For the sake of argument , I’m going to post a few of my least favorite marketing ploys… I call them marketing fails.

Marketing fail #1

Flyers on my windshield.  All those flyers that people throw to the ground in disgust or laziness… now there’s LITTER with your name and phone number on it blowing in the wind. Fail.

Marketing Fail #2

Dancing sandwich board guys. Seriously. This sorry sucker bouncing up and down at the intersection is less likely to inspire me to want the pizza he’s stumping for than cause me to rear end the car in front of me. Distracting drivers is a BAD plan. Plus I KNOW he is desperately trying to make a living, but being paid under the table or minimum wage. Fail.

Marketing Fail #3

Cinematic, flashing, massive, hyper-lit crazy ass highway billboards. These things are bigger than my HOUSE, they flash, they whiz and zing and practically throw confetti at a never ending stream of drivers flying past at highway speeds. Add text and you’ve got a pile up on your hands. Never mind my cell phone, government… regulate THIS.  Fail.

Marketing Fail #4

Tits. They don’t sell me anything. Sorry. Got my own, thanks. If mine don’t inspire me to drop change, hers sure won’t. Tuck them back in and make me think or make me laugh. Those girls just make me uncomfortable, and that doesn’t make me spendy.  Fail.

Marketing Fail #5

Bullshit. My hair will not be 10x thicker in 2 weeks. My waist will not be 6″ smaller in 4 weeks. Don’t guarantee my money back, just tell me the truth, for pete’s sake. I’m not that stupid. Fail.

Marketing Fail #6

Minimizing the risk. 140 Happy Calories my big fat North American ass. Junk is junk is junk no matter how you fluff it up for the cameras. Soda, GMO food, high fructose corn syrup, it’s all garbage and it’s all bad for me. Don’t insult my intelligence by pretending it’s only “part of the big picture”. The big picture is it’s all bad for me and you’re lying. Marketing fail.

That’s my first shot at this. There’s more… I could go on and on. What about you? What do advertisers do that really knocks you flat?

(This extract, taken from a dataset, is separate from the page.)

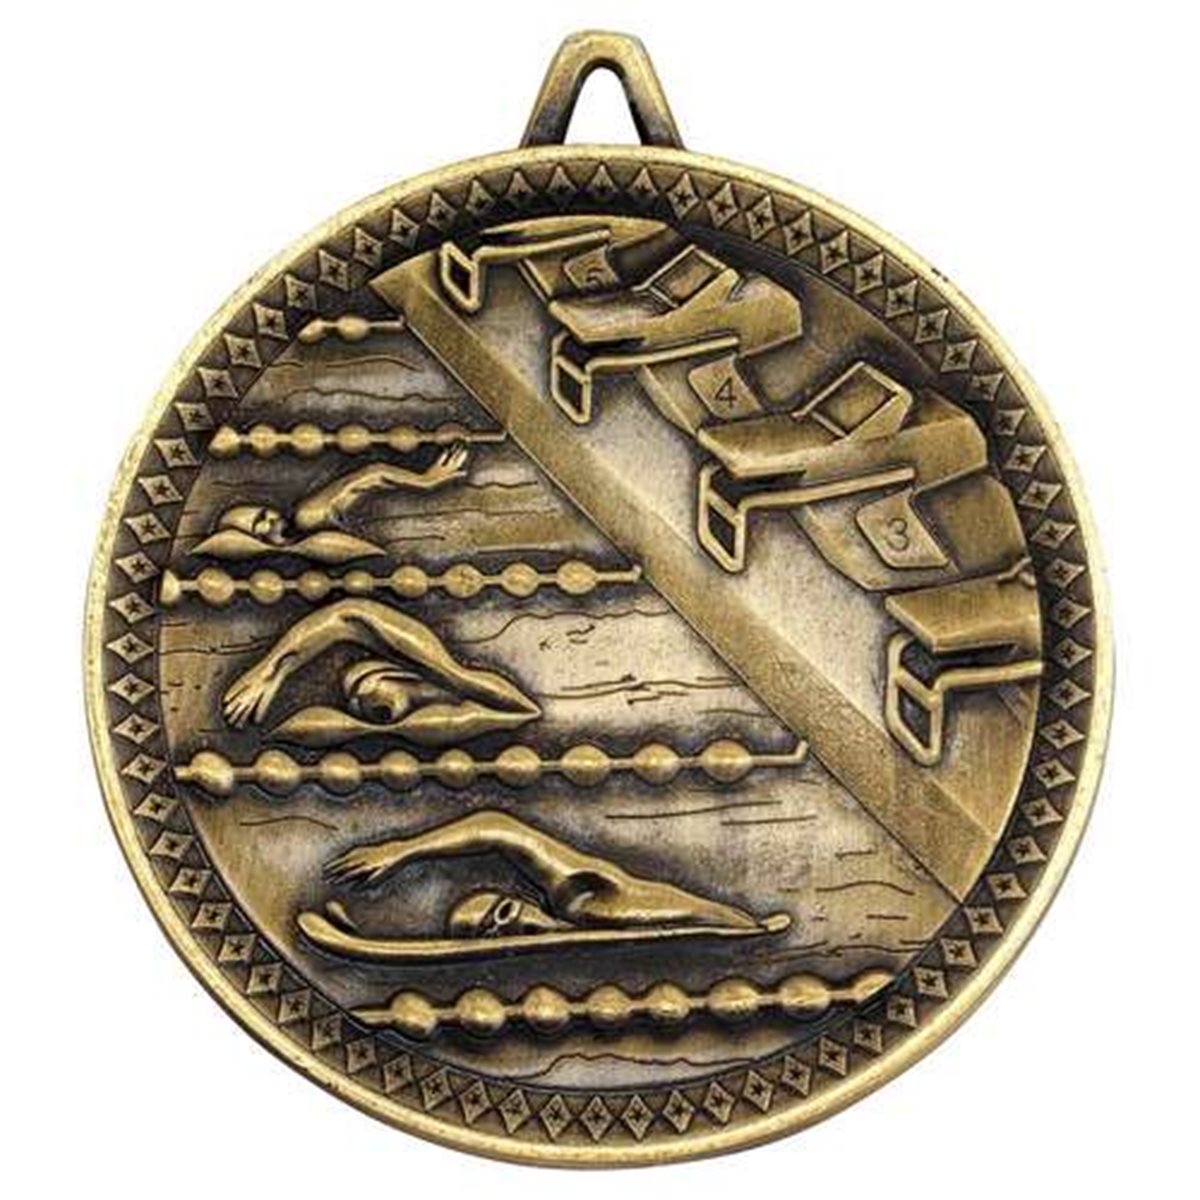 60mm Deluxe Swimming Medal DM09 in Gold, Silver & Bronze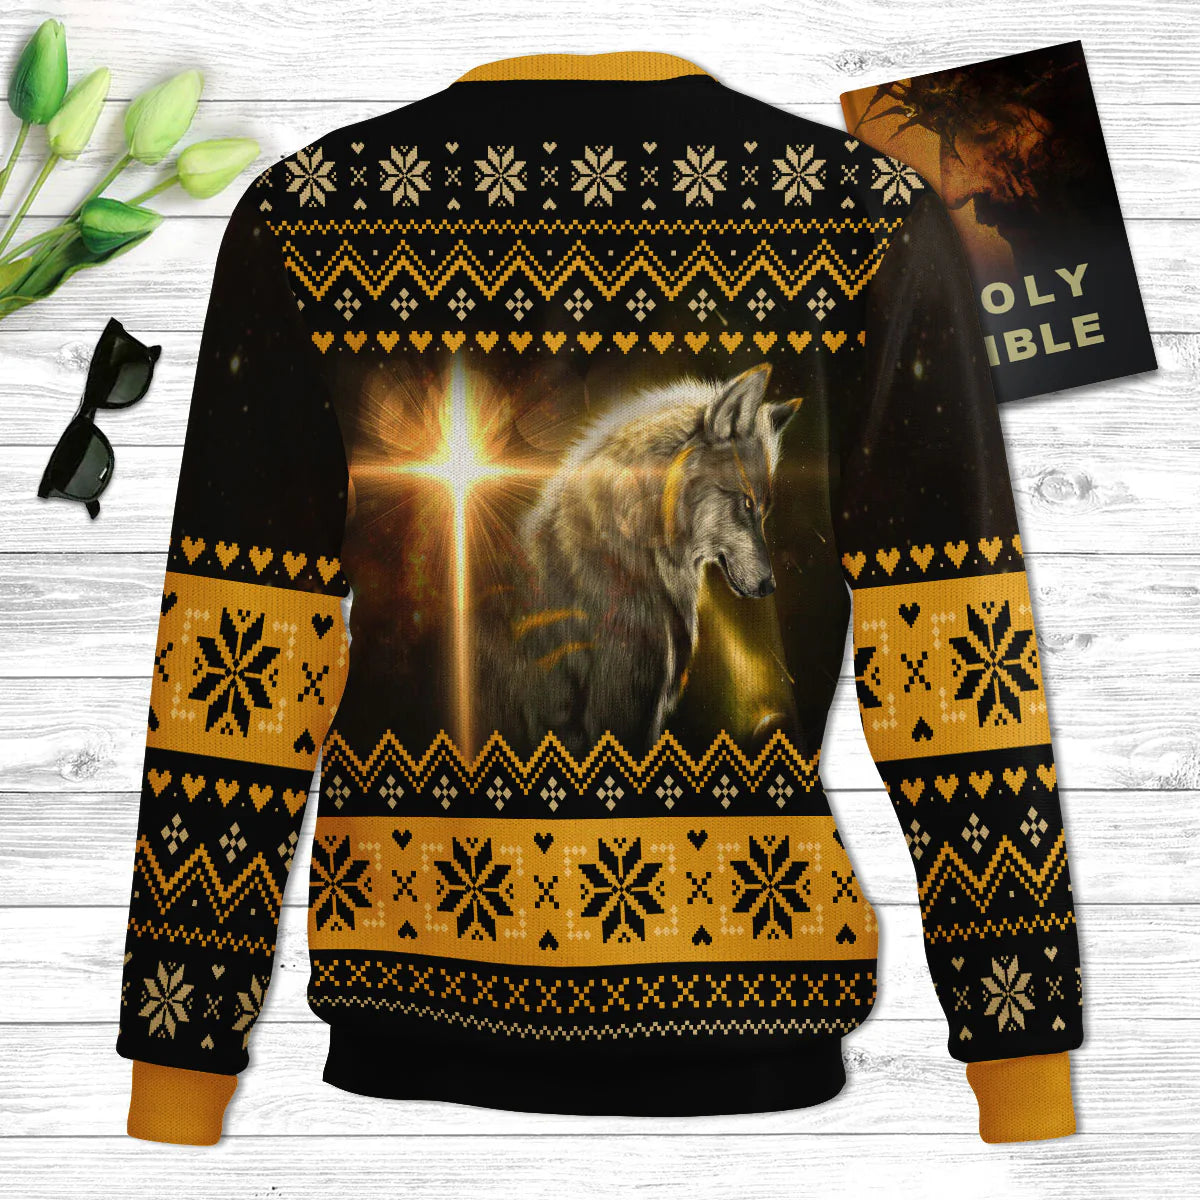 Believe In The Lord Jesus Wolf & Cross Ugly Christmas Sweater - Christian Unisex Sweater - Religious Christmas Gift

I have a family, I have disposable income, I buy;  sometimes for good reasons, sometimes because I’m a sheep, and sometimes because some clever advertisers have done a good job of convincing me that I really should try their product.  If the ads were clever, honest, and the product really is all they said, I’ll become a customer. If not, I’ll just be annoyed,  I’ll tell my friends and I’ll keep my money, thank you very much.